• _Directions for this task_: Return the data exactly, with all pictures removed.
** Data extract follows **
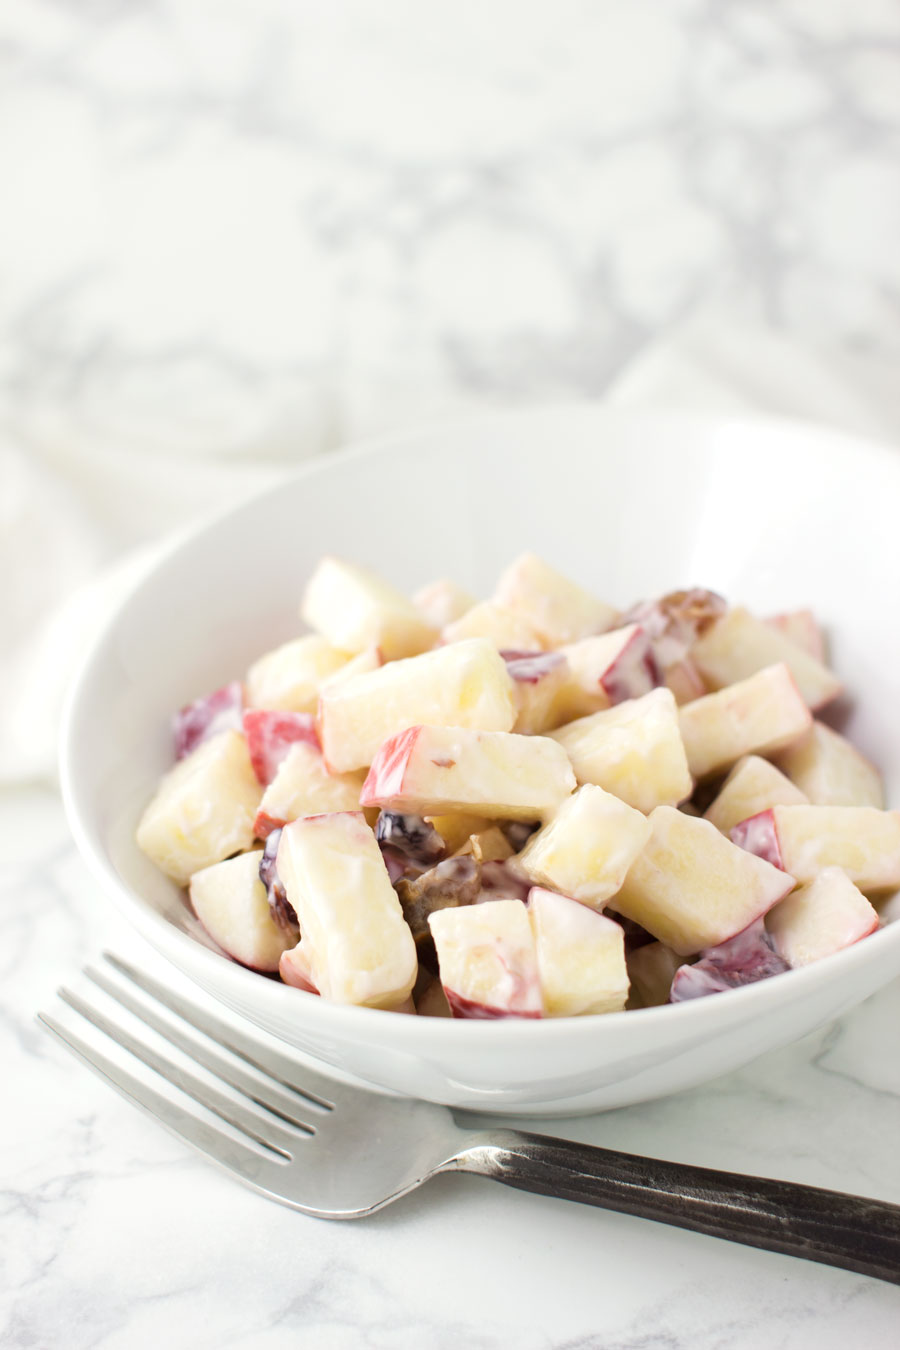 Cran-Apple Fruit Salad recipe from acleanplate.com #paleo #aip #autoimmuneprotocol
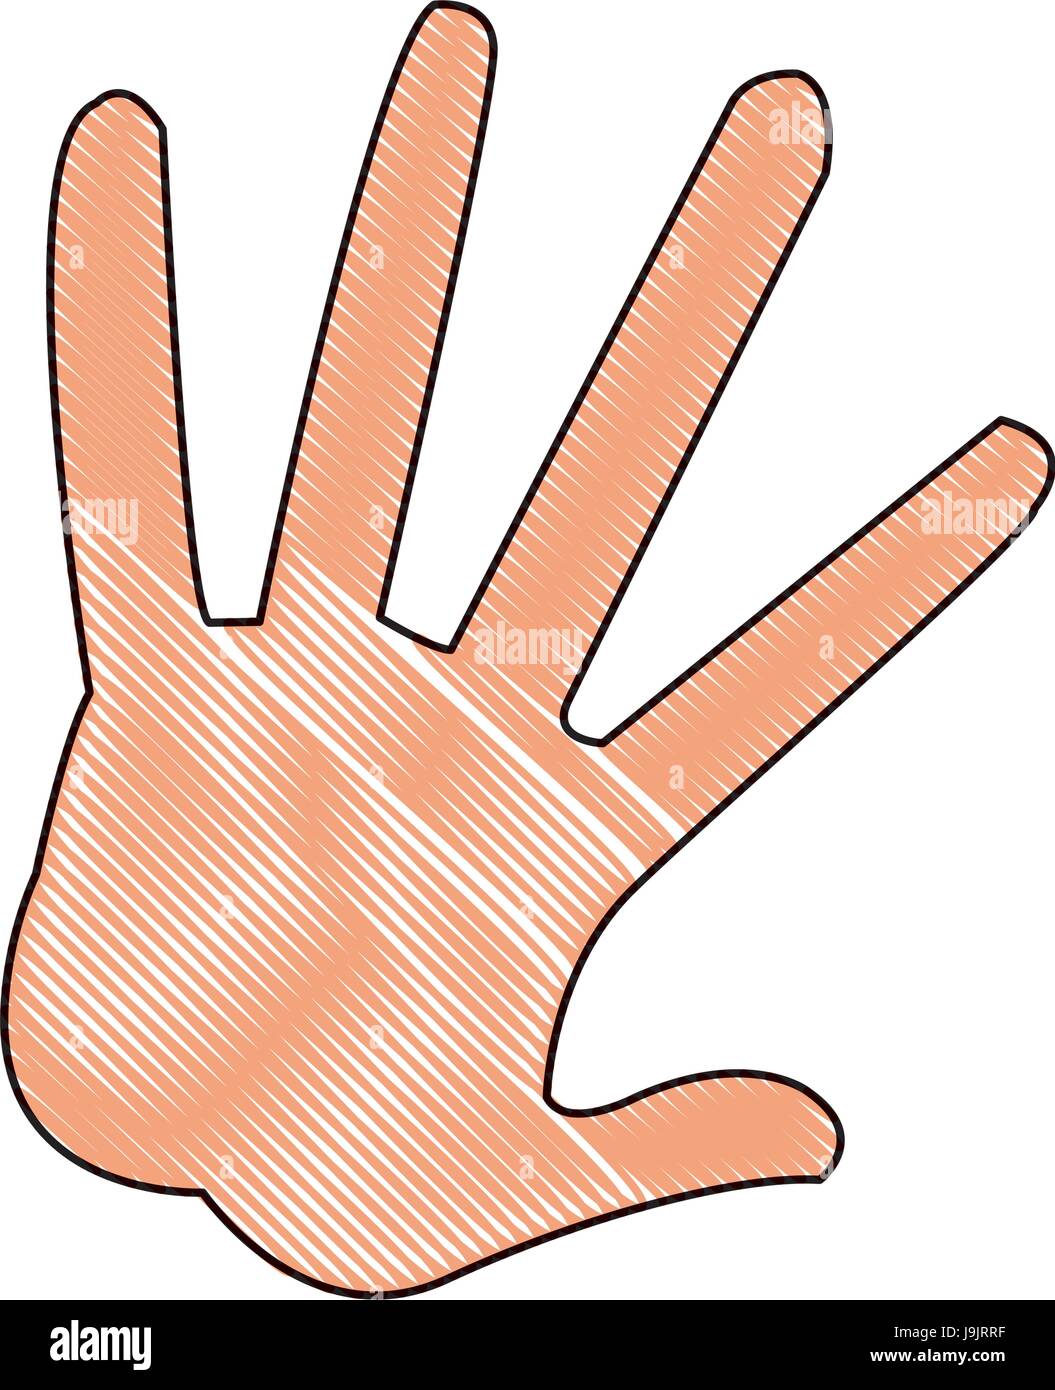 cartoon hand showing the five fingers vector illustration Stock Vector
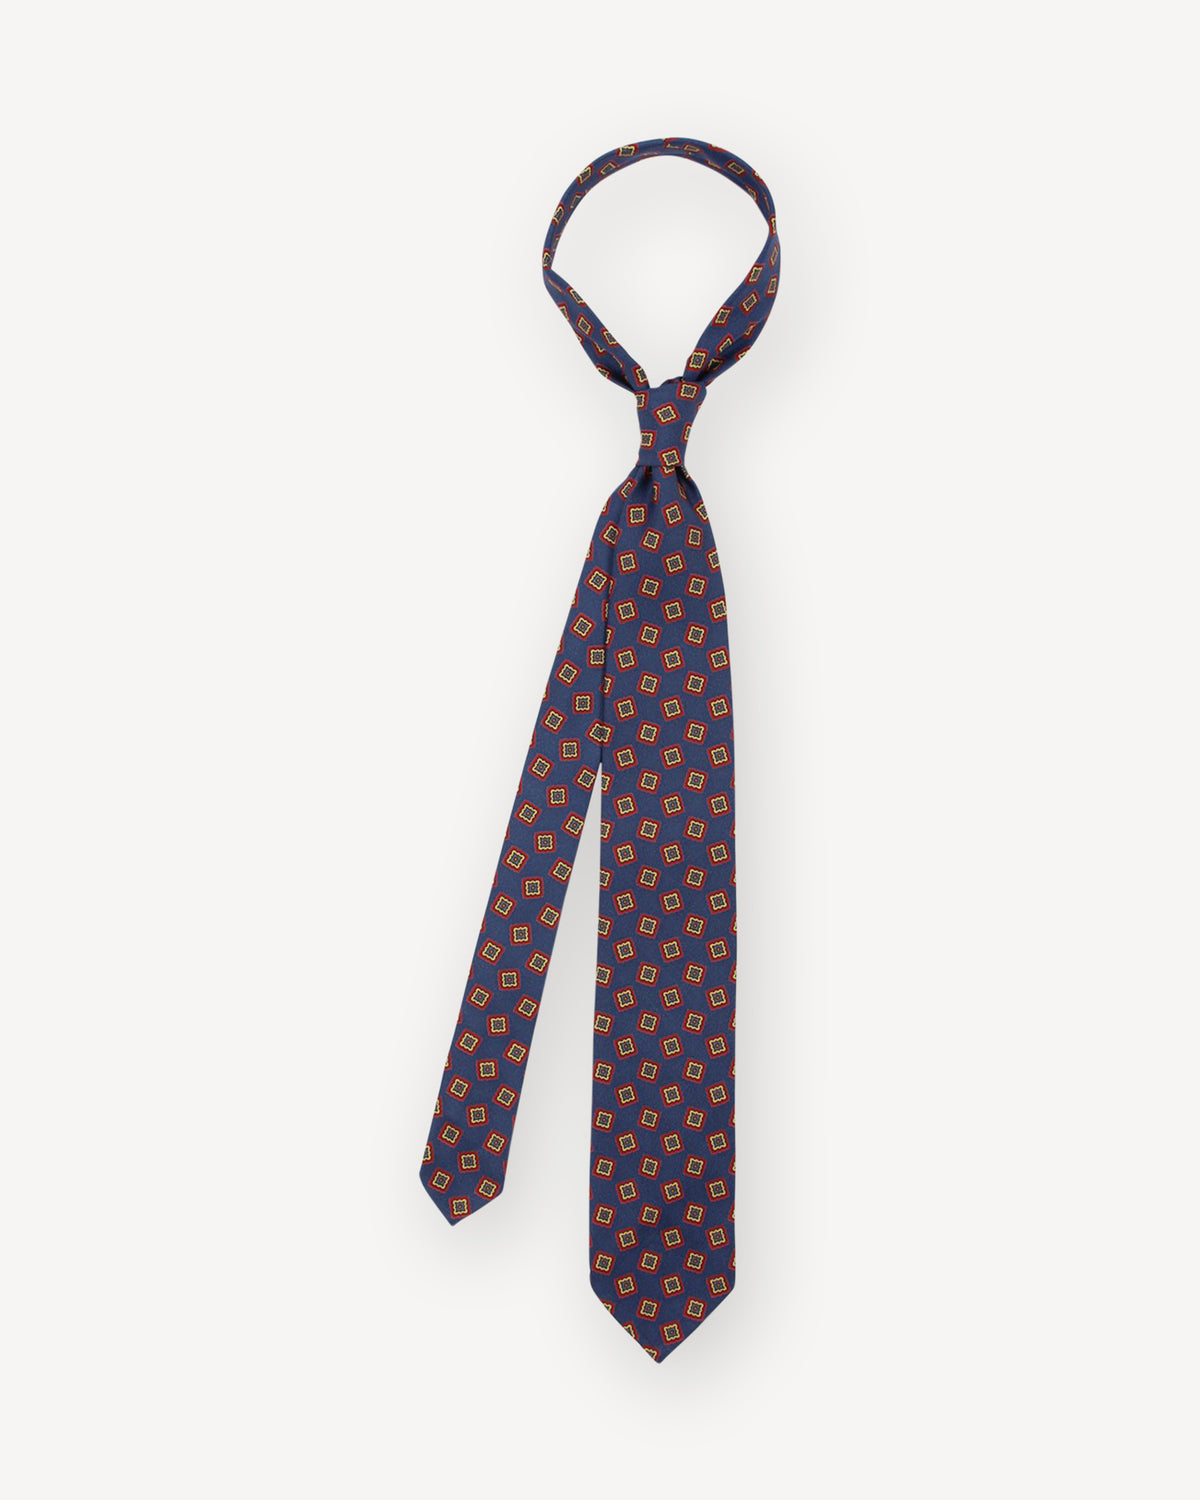 Neckwear | Handmade Ties & Bowties
** End of Data extract **
• _Result for this exercise_:
 Cran-Apple Fruit Salad recipe from acleanplate.com #paleo #aip #autoimmuneprotocol
 cartoon hand showing the five fingers vector illustration Stock Vector
 Neckwear | Handmade Ties & Bowties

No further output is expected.